🤖 AI Summary
This study investigates how humans achieve slightly super-Bayesian decision performance in a brief, multi-target visual search task with spatially distributed targets—despite foveal sensitivity decline and neural limitations in exact Bayesian computation. Combining human behavioral experiments, Bayesian optimal modeling, signal detection theory, and neurobiologically grounded noise modeling, we identify three key mechanisms: (1) a simple spatial heuristic approximates—and occasionally surpasses—Bayesian-optimal performance; (2) a systematic “central neglect” effect, wherein observers down-weight responses from central visual field regions; and (3) spatially correlated neural noise, which paradoxically enhances search efficiency. Together, these mechanisms quantitatively account for the observed human performance exceeding the Bayesian upper bound derived under the standard assumption of independent neural noise. The findings reveal computational principles underlying efficient perceptual decision-making under biological constraints.
📝 Abstract
Visual search is a fundamental natural task for humans and other animals. We investigated the decision processes humans use when searching briefly presented displays having well-separated potential target-object locations. Performance was compared with the Bayesian-optimal decision process under the assumption that the information from the different potential target locations is statistically independent. Surprisingly, humans performed slightly better than optimal, despite humans’ substantial loss of sensitivity in the fovea (“foveal neglect”), and the implausibility of the human brain replicating the optimal computations.

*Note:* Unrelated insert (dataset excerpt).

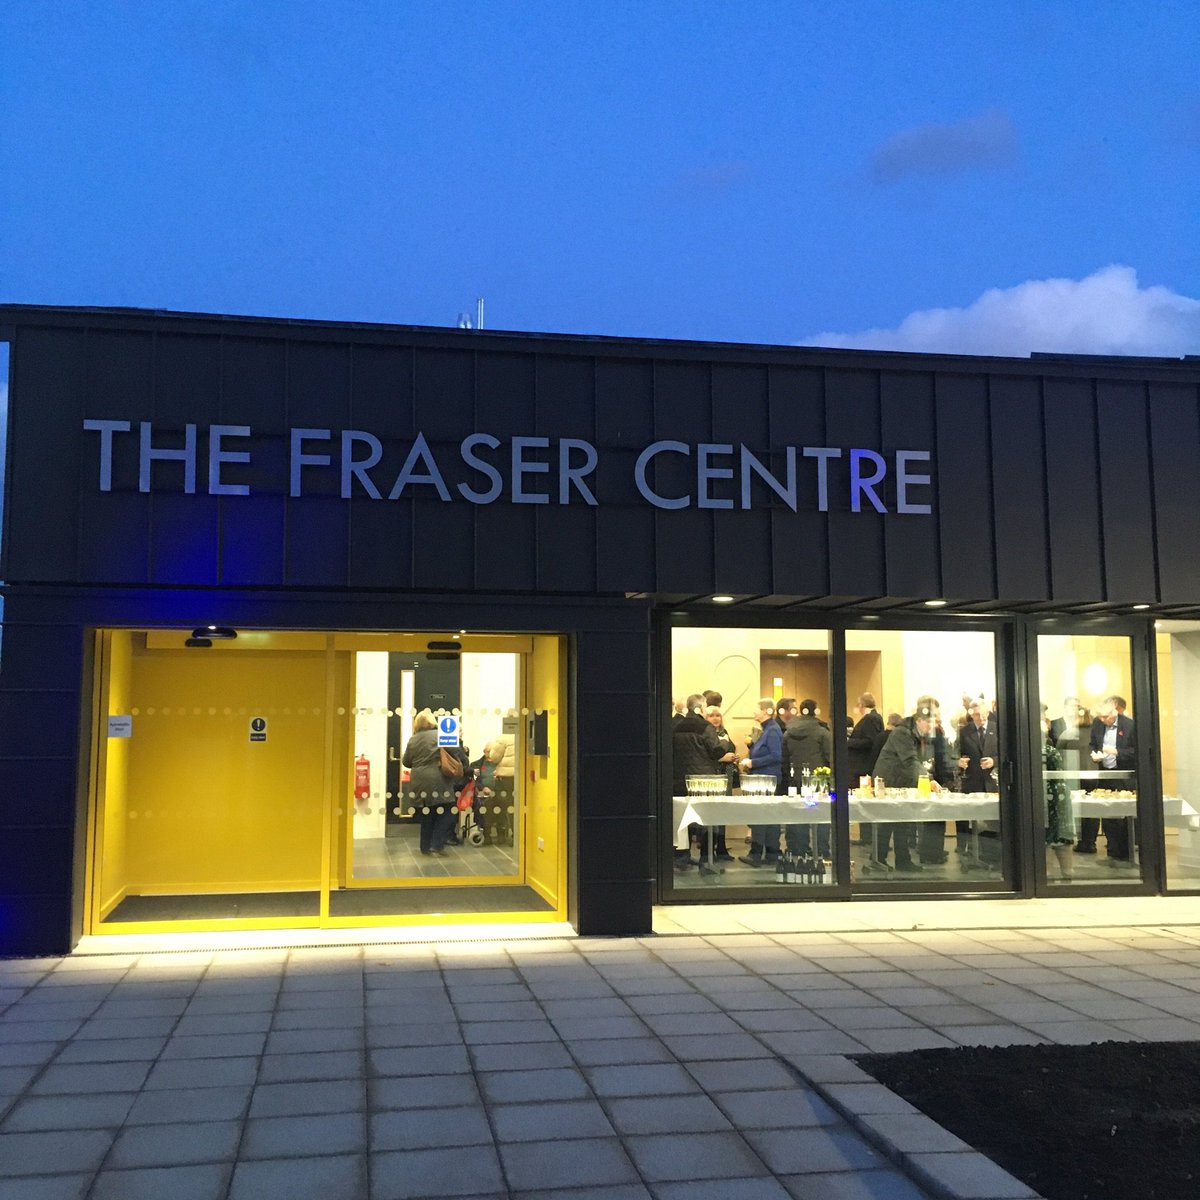 ‘ @thefrasercentre is OPEN! Testament to the hard work of the Fraser Centre Community Trust and all the other volunteers over the last 9 years. Local people, Lottery Players, @eastlothianAP @ELCouncil @HistEnvScot @housingregen all provided vital funds #lotteryfunded #Tranent

We show that three factors can quantitatively explain these seemingly paradoxical results. Most importantly, simple and fixed heuristic decision rules reach near optimal search performance. Secondly, foveal neglect primarily affects only the central potential target location. Finally, spatially correlated neural noise causes search performance to exceed that predicted for independent noise. These findings have far-reaching implications for understanding visual search tasks and other identification tasks in humans and other animals.